If you are going to be making multiple requests, it is advisable to explicitly compute the authorization token with

auth = getAuth(token)

This can then be passed to each of the functions rather than the permission token. This will avoid an extra request in each function call to obtain the authorization. Furthermore, you will have to get a new permission token for each request.

We can also upload binary data and from a file. Let's create a PNG plot:

png("foo.png")
plot(1:10, main = "Silly plot")
dev.off()

upload(auth, "proj1/myPlot", "foo.png", "image/png")

Now let's list the contents of our bucket:

b = listBucket(auth, "proj1")
     Key        LastModified                               ETag  Size StorageClass
1    foo 2011-05-18 13:00:20 "5578833a0c6cb26394a1414140718cab"    12     STANDARD
2 myPlot 2011-05-18 12:59:26 "0e49b507686b4ad978ef53832c11c157" 14184     STANDARD
                                                                     Owner
1 00b4903a97f8e92544e2b4ed4781d9c280240153f95b068940955770edc6aaeeduncantl
2 00b4903a97f8e92544e2b4ed4781d9c280240153f95b068940955770edc6aaeeduncantl

So now let's retrieve one of our objects:

tt = download(auth, "proj1/foo")
[1] "This is text"
attr(,"Content-Type")
            
"text/text" 

When we get the plot,

tt = download(auth, "proj1/myPlot")

this returns a raw vector and the Content-Type attribute is "image/png", as we specified.
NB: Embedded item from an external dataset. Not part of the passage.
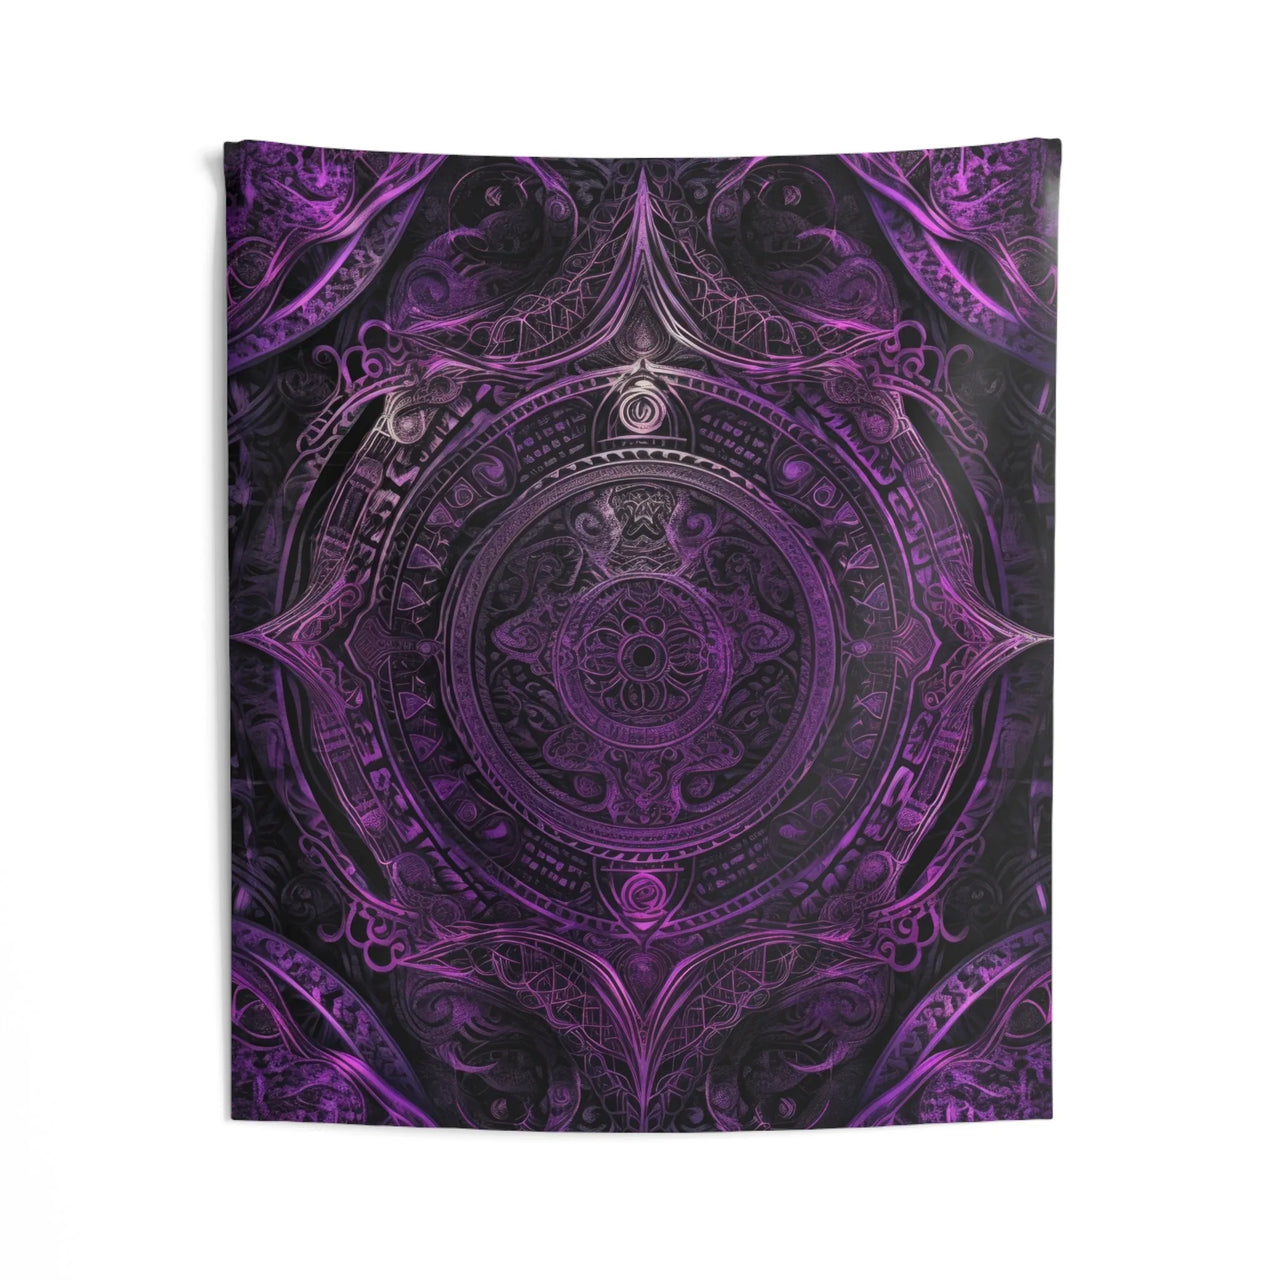 Camping Festival Mystic Symphony Tapestry in the Celestial Art Style with Symmetrical Deep Purple Design - GroovyGallery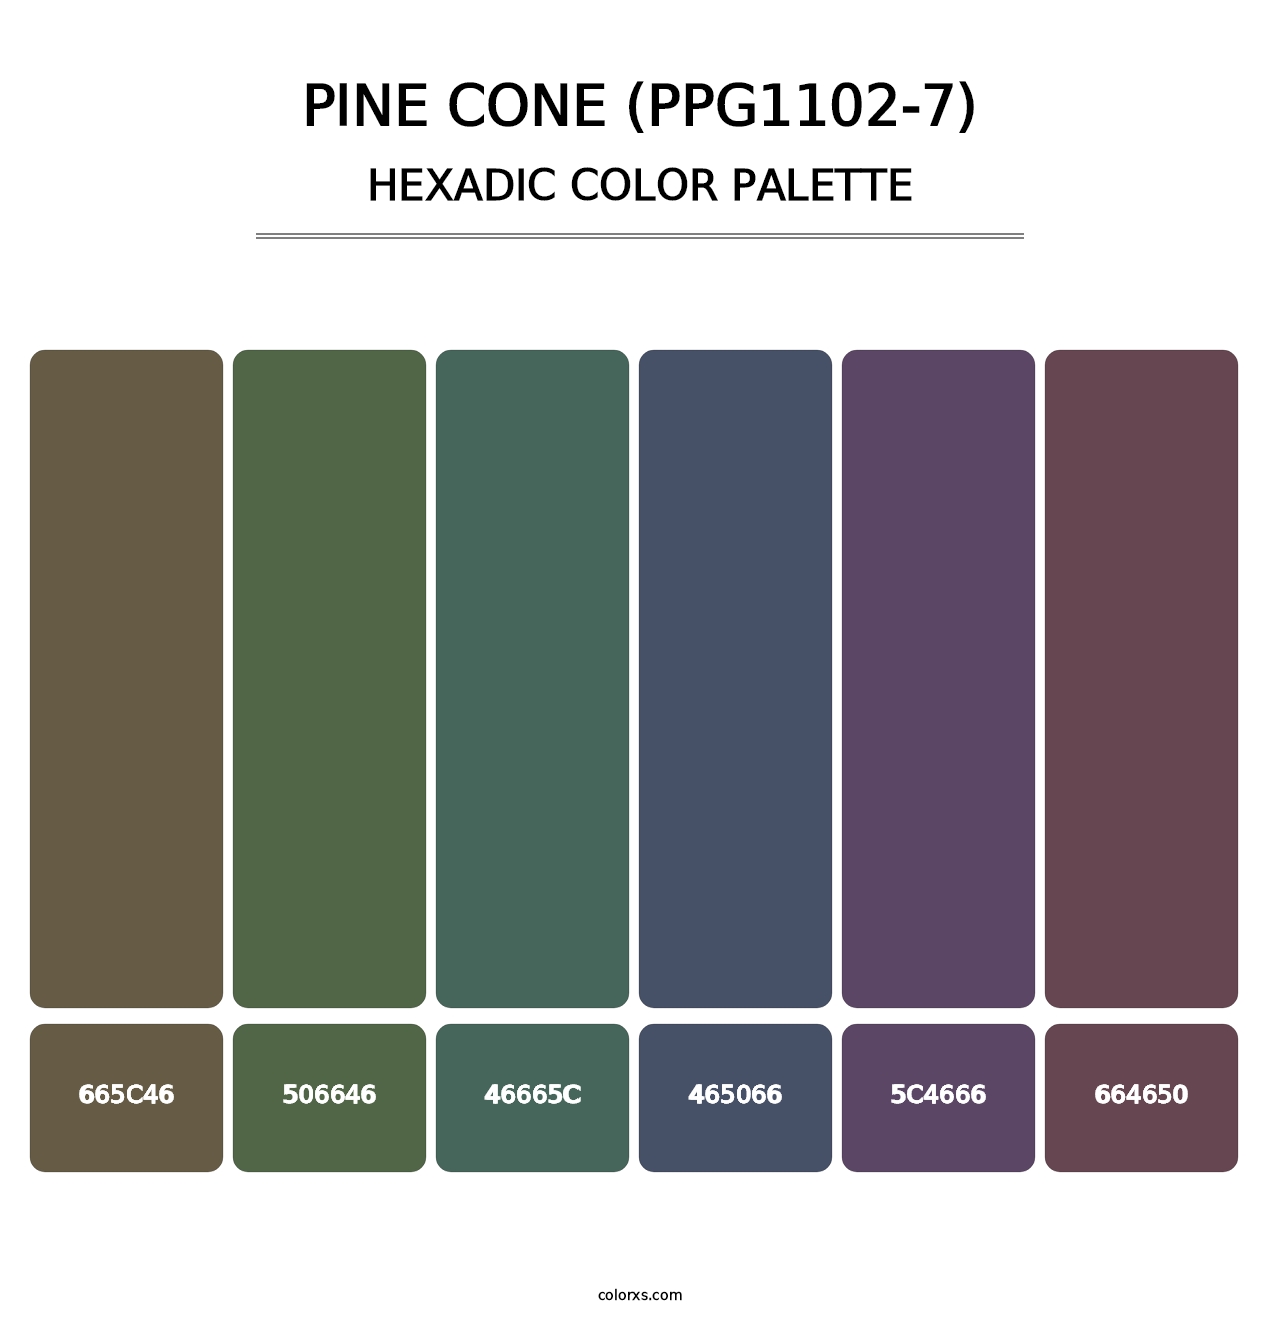 Pine Cone (PPG1102-7) - Hexadic Color Palette

Moving and Removing Object

We can copy one object to another name with copy()

copy(auth, "proj1/foo", "proj1/bar")

We can remove an object or a bucket with (the misnamed) removeBucket() , e.g.

removeBucket(auth, "proj1/foo")

We can verify it has been removed with

listBucket(auth, "proj1")

and checking the names.

Refreshing a Token

The object returned by getAuth() is valid for one hour. After that, it expires. However, we can refresh/renew it. We use refreshToken() to do this:

auth = refreshToken(auth)

By default, this checks the expiration time against the current time and only refreshes the token if necessary. One can specify force = TRUE to force the refreshing request.

Controlling Access

Each bucket and object in a bucket has an access control list (ACL) limiting who has permission to read, change, delete the object. We can query the ACL for an object using getACL() . This returns a data frame giving a) the "scope", i.e. the entity to whom the permission applies, e.g. Google user ID, Google user email, Google Group ID or email, AllUsers or AllAuthenticatedUsers, the type of the scope (how to interpret the scope value), c) the permission value, and d) the name of the scope. We also get the identity of the owner. For example,

getACL(auth, "proj1/myPlot")
Object of class "ACLDataFrame"
    permission                                                                    scope     name     type
1 FULL_CONTROL 00b4903a97f8e92544e2b4ed4781d9c280240153f95b068940955770edc6aaeeduncantl duncantl UserById
Slot "owner":
                                                          duncantl 
"00b4903a97f8e92544e2b4ed4781d9c280240153f95b068940955770edc6aaee" 

When uploading content via upload() , we can specify a simple access that applies to a broad group of potential accessors. We can use any of 'project-private', 'private', 'public-read', 'public-read-write', 'authenticated-read', 'bucket-owner-read', 'bucket-owner-full-control' as the value for the access parameter.

Generally, we want to have more specific control over the permissions we grant. We want to be able to declare that user A can read an object, group B can write an object, or all users can read an object. We also may want to grant some entities full control of an object or bucket. To specify this, we use setACL() . We first have to build the access list. In common cases, we can specify this as a simple list of the form

list(id = 'permission', id = 'permission', ...)

where id is a Google user ID or email or Google group ID or email, or AllUsers or AllAuthenticatedUsers and permission is one of 'read', 'write', 'full'. So

setACL(auth, "proj1/myPlot", 
          list('bob@gmail.com' = 'read',
               'duncan@gmail.com' = 'full_control'))

Note this function is untested as yet.